Con ordinanza, la Cassazione civile lo scorso 31 luglio 2020 ha stabilito che non viola la privacy la nota interna di un’azienda sanitaria relativa ad una patologia contratta dal dipendente.

Il caso

Un dipendente di una struttura sanitaria si appella nel 2010 all’Autorità Garante per la protezione dei dati personali lamentando l’illecita diffusione della notizia relativa ad una sua patologia da parte della caposala della struttura. Con riferimento alla doglianza del dipendente, la caposala avrebbe inviato una nota interna il 5 agosto 2020 alla dirigente dell’ufficio infermieristico, alla coordinatrice del dipartimento di psichiatria e alla referente per le aree esterne, con cui si evidenziava «l’opportunità della di lui sottoposizione a visita straordinaria, ai sensi del D.Lgs. n. 81 del 2008, presso il medico competente del servizio di prevenzione e protezione di medicina del lavoro, per problemi di iperglicemia e per la correlata periodica sottoposizione a trattamenti di plasmaferesi in regime di Day-Hospital».
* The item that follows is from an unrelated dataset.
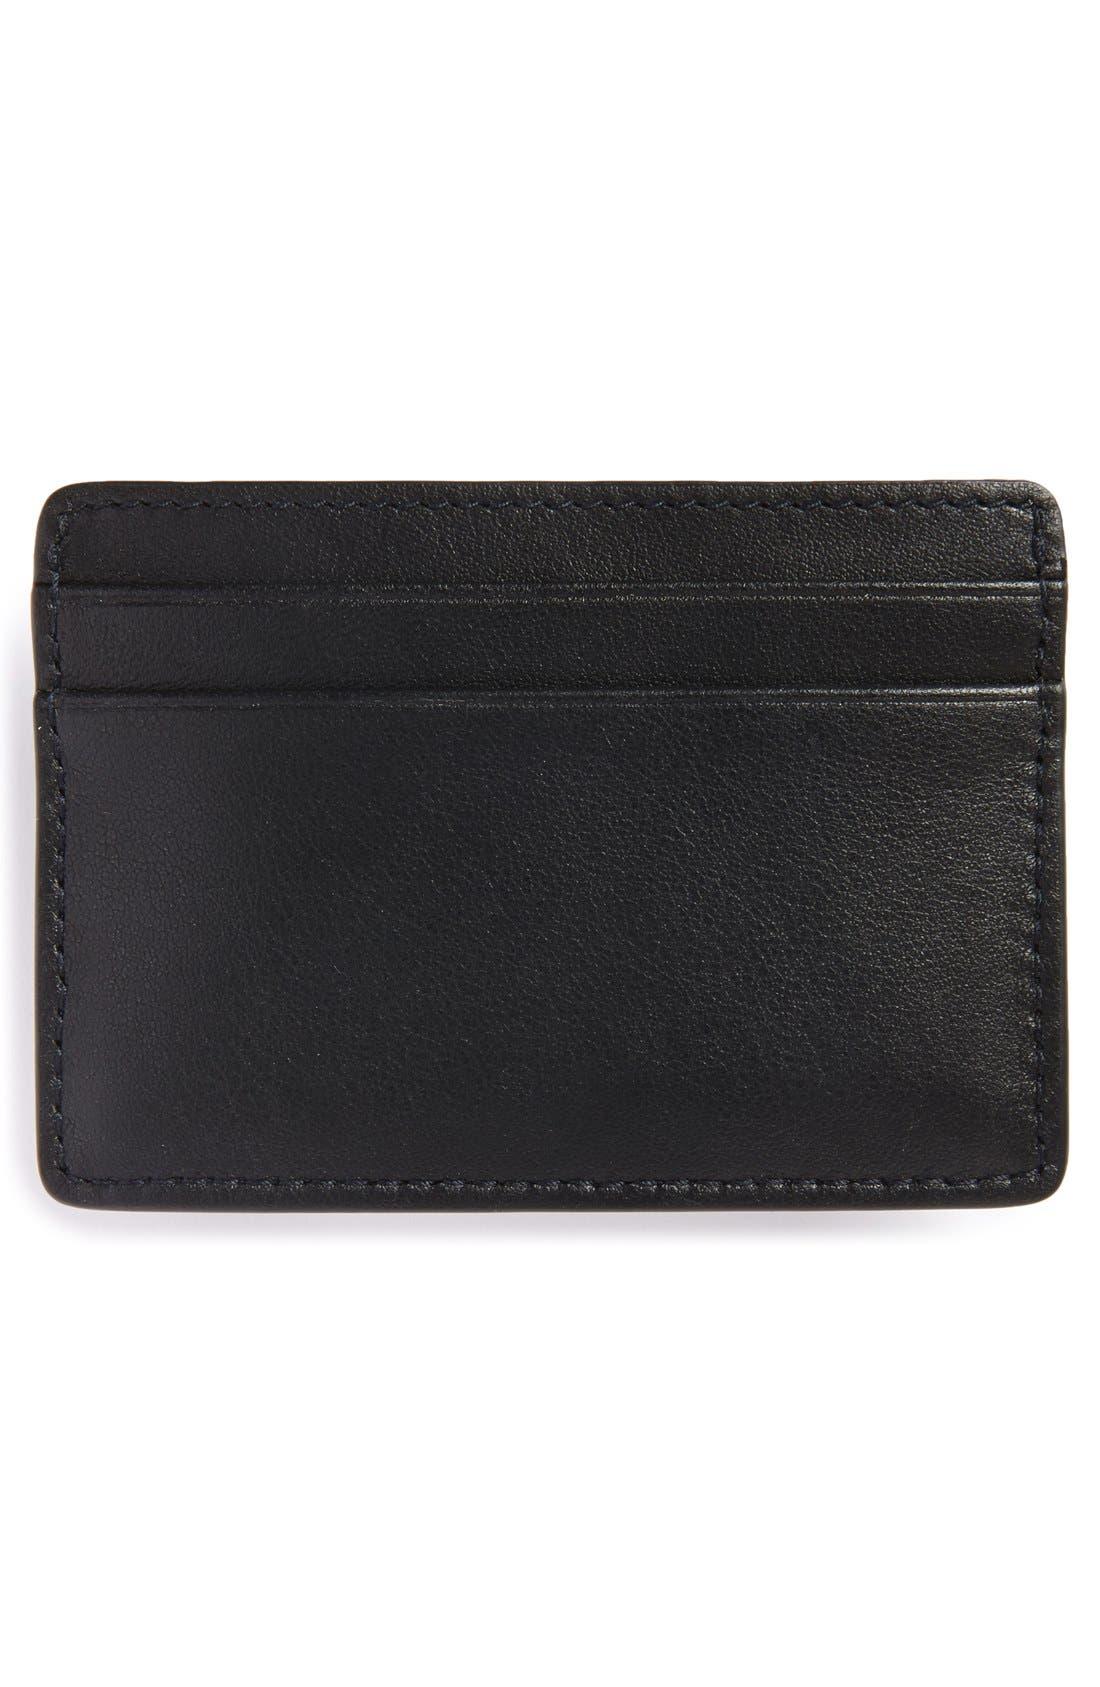 Traveler Card Case,                             Alternate thumbnail 2, color,                             Black

A seguito della decisione negativa da parte del Garante della privacy, l’infermiere propone ricorso al Tribunale capitolino che, ai sensi dell’articolo 152 del Codice Privacy rigetta il ricorso adducendo che il dipendente aveva già autonomamente provveduto ad informare i propri colleghi della patologia di cui soffriva. Inoltre, la nota interna non era una comunicazione destinata alla diffusione, ma una segnalazione interna rivolta ai diretti superiori e alla coordinatrice, per ragioni di tutela della salute non solo dell’interessato prestatore di lavoro ma anche dei terzi. Infine, il Tribunale afferma che la riservatezza dei dati poteva ricevere una minor tutela in presenza di dati già divulgati dallo stesso, ai sensi dell’articolo 82 del Codice Privacy, dal momento che la condotta di pubblica ostensione di dati sensibili costituisce una forma di consenso implicito al loro trattamento-

Il dipendente ricorre così in Cassazione, impugnando la sentenza n. 19822/2014 del Tribunale di Roma, depositata il 7 ottobre 2014, sulla base di due motivi. Con il primo motivo, denuncia l’illegittimità della decisione ai sensi degli articoli 1, 4, 11, 15, 18, 20 e 22 del Codice Privacy e l’omesso esame dei fatti decisivi.

La decisione 

Gli Ermellini dichiarano inammissibile il ricorso allegando le seguenti motivazioni.

Sebbene il ricorrente lamentasse il fatto che né la normativa sulla privacy né la giurisprudenza distinguano le comunicazioni interne da quelle esterne, la Cassazione richiama il parere del Garante della privacy e del Tribunale di Roma secondo i quali la comunicazione in oggetto è meramente interna e dettata da una finalità quale la tutela della salute sia del lavoratore sia dei terzi, in un contesto lavorativo ove i dati sensibili erano già stati diffusi dallo stesso interessato.

La comunicazione, inoltre, non è solo da considerarsi meramente interna ma anche doverosa ai sensi dell’articolo 5 dello Statuto dei lavoratori[1].

La Corte ribadisce che i dati personali devono essere trattati in modo lecito e secondo correttezza, devono essere raccolti e registrati per scopi determinati, espliciti e legittimi, devono essere pertinenti, completi e non eccedenti rispetto alle finalità. Tuttavia, il giudizio sulla modalità di gestione dei dati personali è ritenuto dalla Corte integrante una questione di fatto, non potendo essere oggetto di giudizio di legittimità.


[1] Il comma 3 dell’articolo 5 dello Statuto dei lavoratori dispone che «il datore di lavoro ha facoltà di far controllare la idoneità fisica del lavoratore da parte di enti pubblici ed istituti specializzati di diritto pubblico».